Quantification of turbulent structures in and around the boundary region of a turbulent round jet released into counter-flow

This experimental study reports the turbulent flow structure of the interaction of turbulent round jet issued into a counter turbulent flow for improved understanding of the turbulent mixing characteristics including pollutant dispersal at the estuarine region for tidal river flows. A high-frequency data acquisition system (Acoustic Doppler velocimeter) was employed to quantify the turbulent flow structures within the mixing region of the turbulent jet. It was found that the cross-sectional mean axial jet velocity decayed faster in counter turbulence compared to a quiescent background.
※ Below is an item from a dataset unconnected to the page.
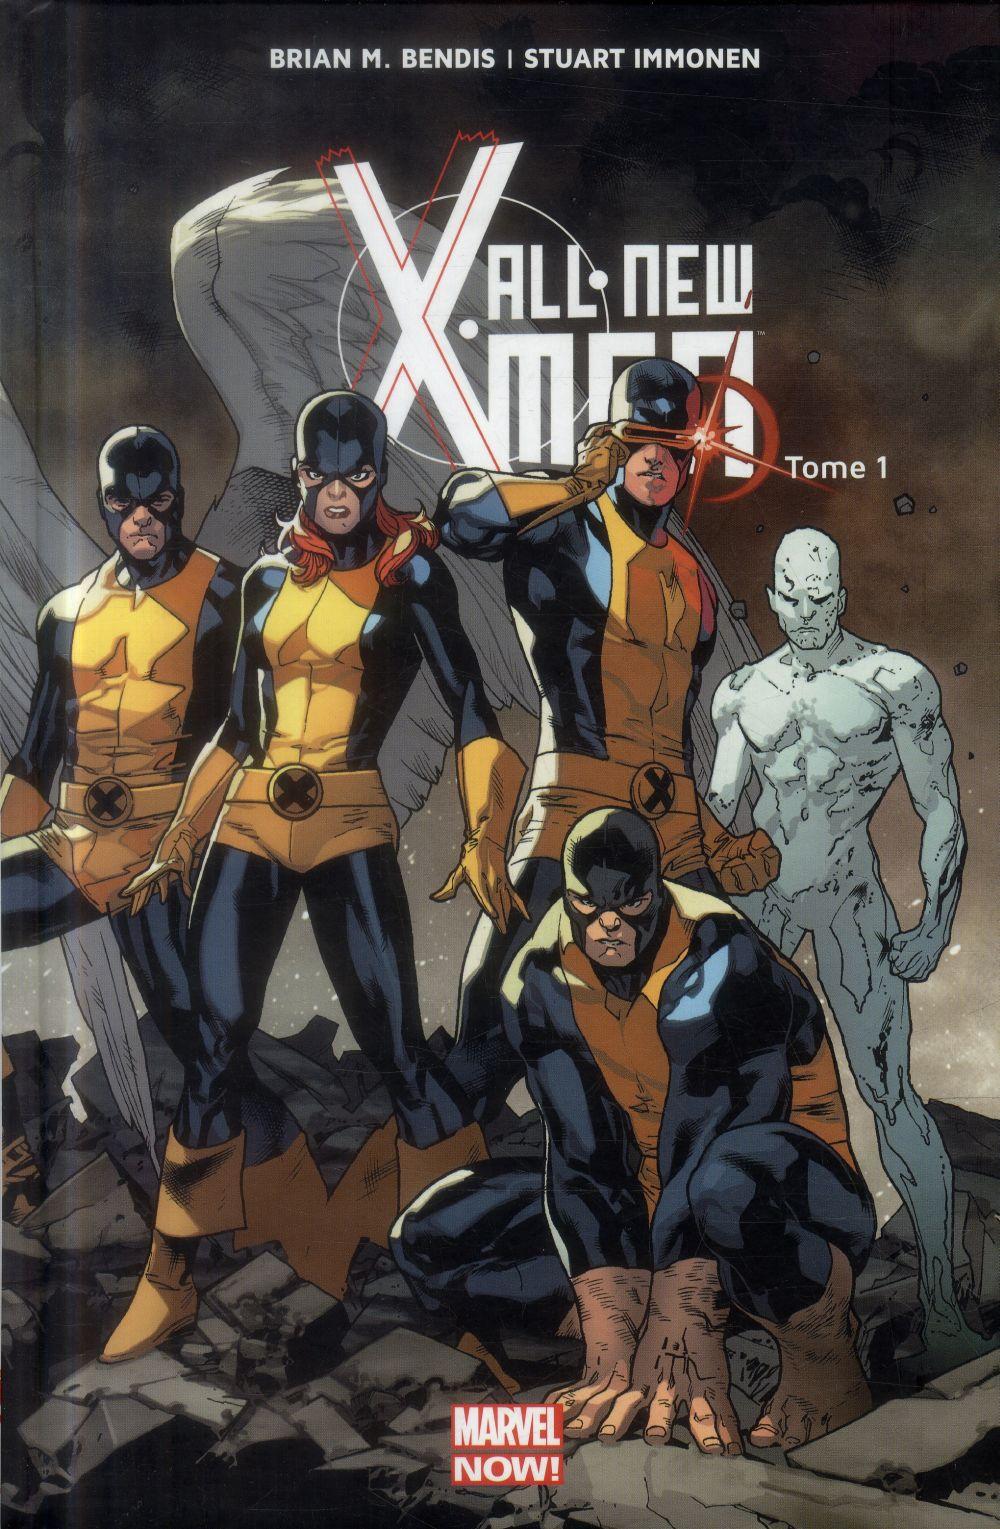 ALL NEW X-MEN T01 Bendis Brian Michael

A reduced occurrence of engulfment and nibbling processes were evident which signified that the entrainment rate of the moving fluid reduced owing to the jet released into the counter flow. Further, the intermittency and diffusion depth of eddies decreased for jets issued against the current. The kinetic energy budget revealed that the pressure diffusion term of the turbulent kinetic energy budget equation supplied energy to the jet from the mean background flow at the self-similar region of the jet.

Automated summary

The study found that the axial jet velocity decays faster in counter turbulence, leading to a reduced entrainment rate of the moving fluid. Eddy intermittency and diffusion depth decreased for jets issued against the current. The kinetic energy budget analysis showed that the pressure diffusion term supplied energy to the jet from the mean background flow.